Multi-fidelity methods for health monitoring of aerospace structures

In engineering applications, common problems rely on optimization: improving system or structure design, health monitoring with damage assessment and control problems. Modern approaches solve these problems using computer simulations to find the best design among all the possibilities or to find the right damage parameters configuration. High-fidelity simulations, like the finite element in structural design or CFD codes for fluid dynamics, have high computational cost that can be computationally untractable. To accelerate the optimization process two main approaches can be used to reduce the overall execution cost: use a small number of model evaluations and use cheaper, but with reduced accuracy, numerical models.
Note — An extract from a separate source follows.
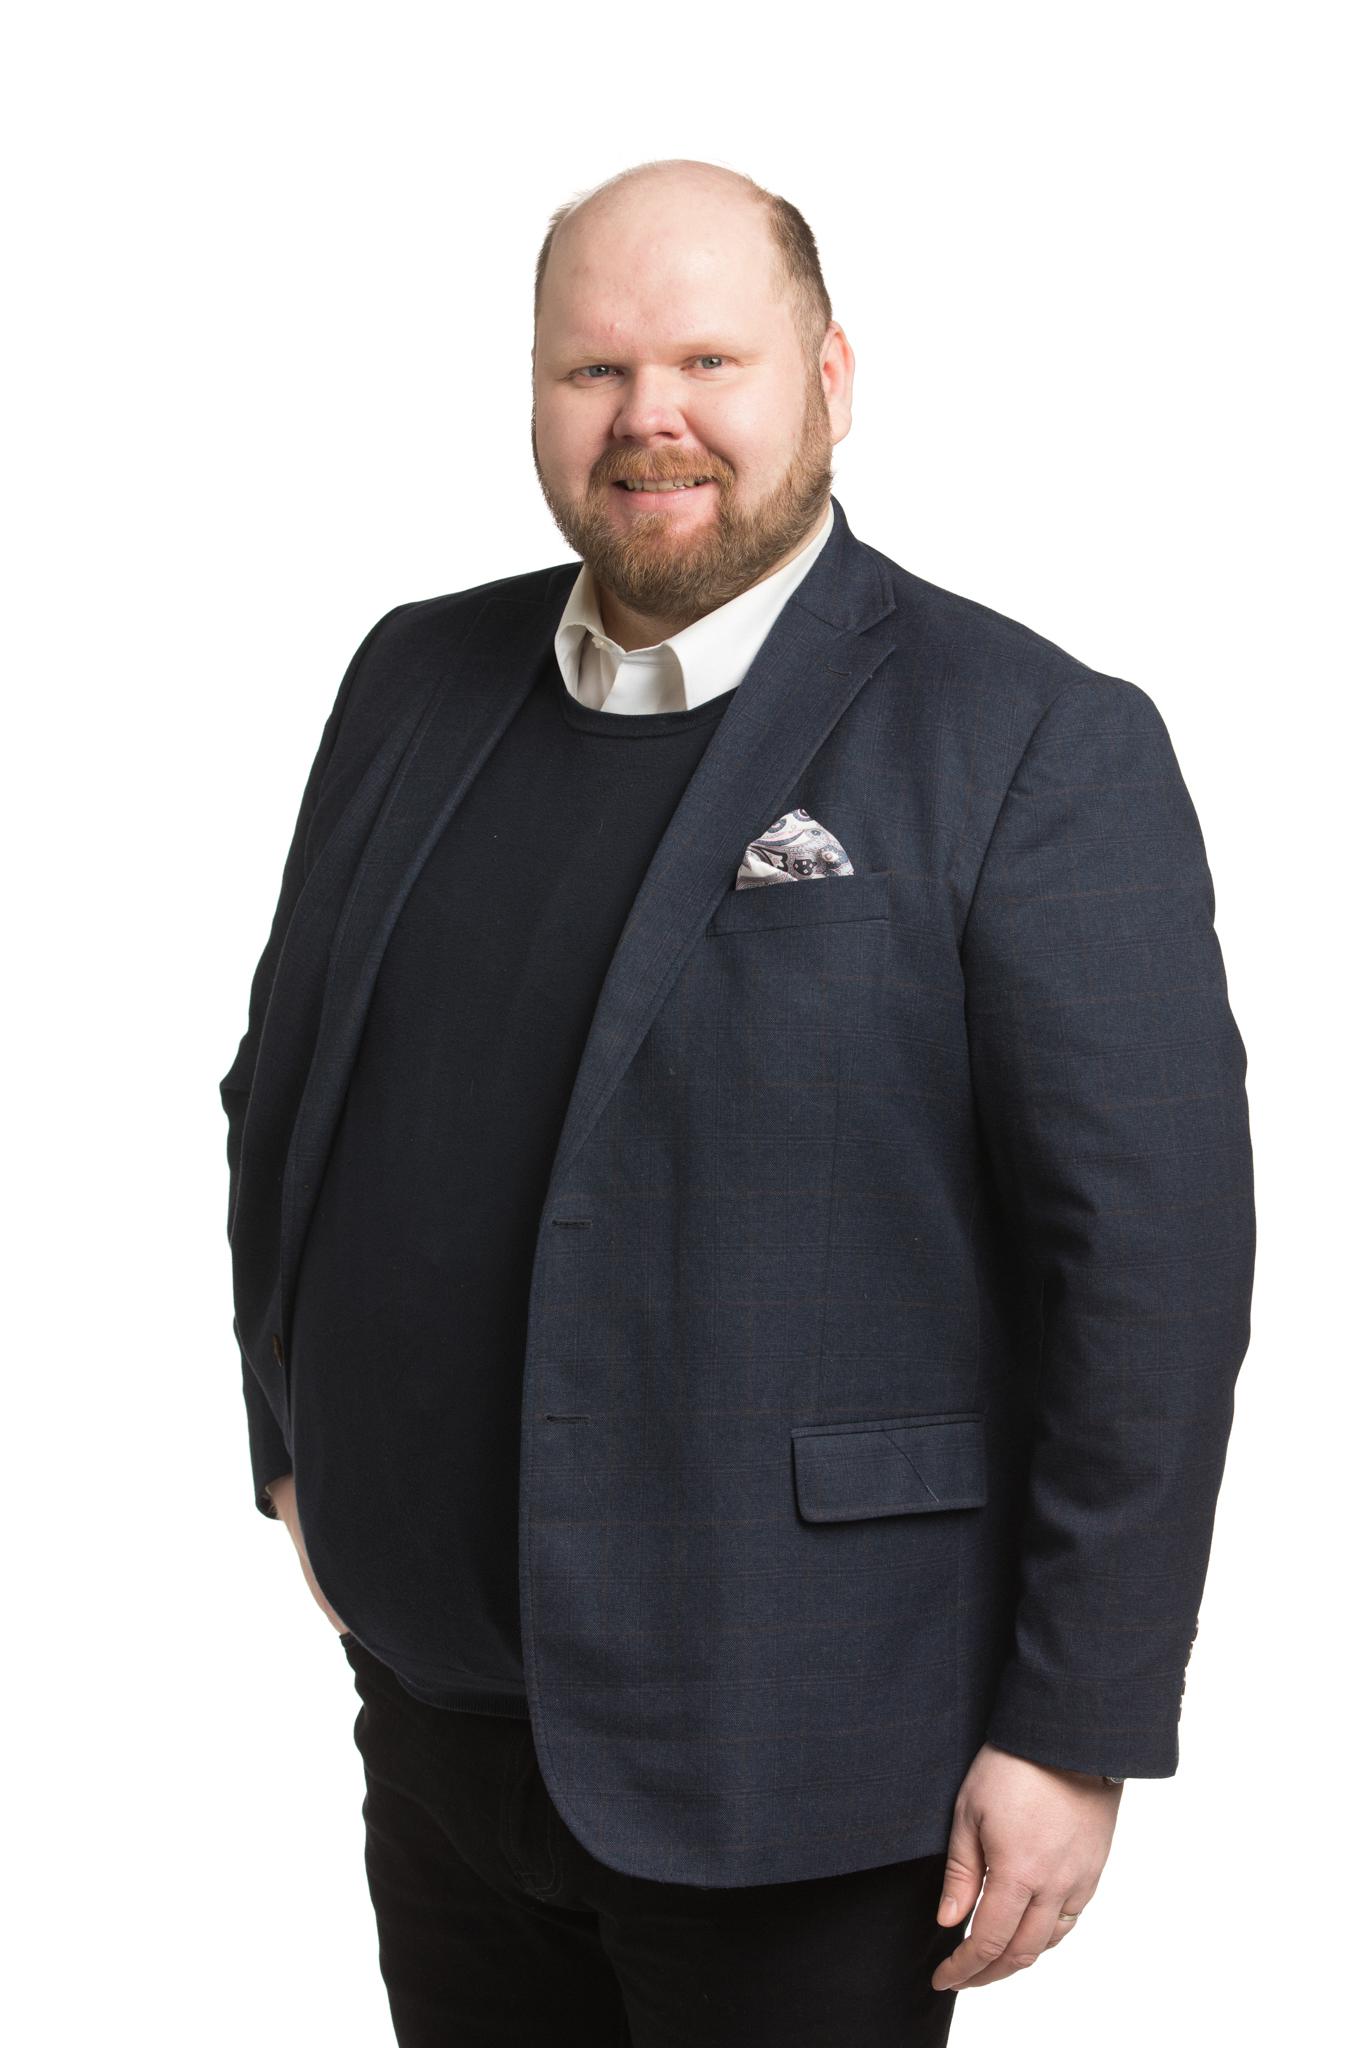 Brunni Antti : Espoon Vihreiden puheenjohtaja, kaupunginhallituksen varajäsen, kaupunginhallituksen tila- ja asuntojaoston jäsen, kaupunginhallituksen elinkeino- ja kilpailukykyjaoston varajäsen

In this work of thesis we combine these two techniques: we employ a surrogate based optimization which is built along the optimization process by choosing the most informative sample reduces the number of function evaluations. Furthermore, the other main feature consists in using different simulation fidelity levels; the lower and cheaper ones purpose is to extensively explore the design space, the highest is used to improve the overall accuracy of the surrogate model in specific points. More in detail is used a Bayesian Multi-fidelity framework where the surrogate is modeled with a Gaussian Process, it merges and fuses the fidelities sampling in the design space using the acquisition functions: these indicate the next point to sample with the relative fidelity to maximize information gain. In this work of thesis we use and compare 3 different acquisition functions: Probability of Improvement, Expected Improvement and Max value Entropy Search; then we apply them on a damage identification problem in a composite specimen. We consider a composite carbon fiber specimen with a modeled cut in the fiber direction that means discontinuity in the stress transmission; composites dam- ages are critical because often difficult to spot but they reduce greatly the structural strength hence the monitoring is crucial to ensure the health of the structure. The problem uses the strain reference field of a damage configuration and the algorithm actively builds a surrogate model, that minimizes the Root Mean Square Error between the reference and the surrogate strain fields, to find the cut geometrical properties. We observe major reduction in cost, and number of evaluations, comparing to the singlefidelity counterpart.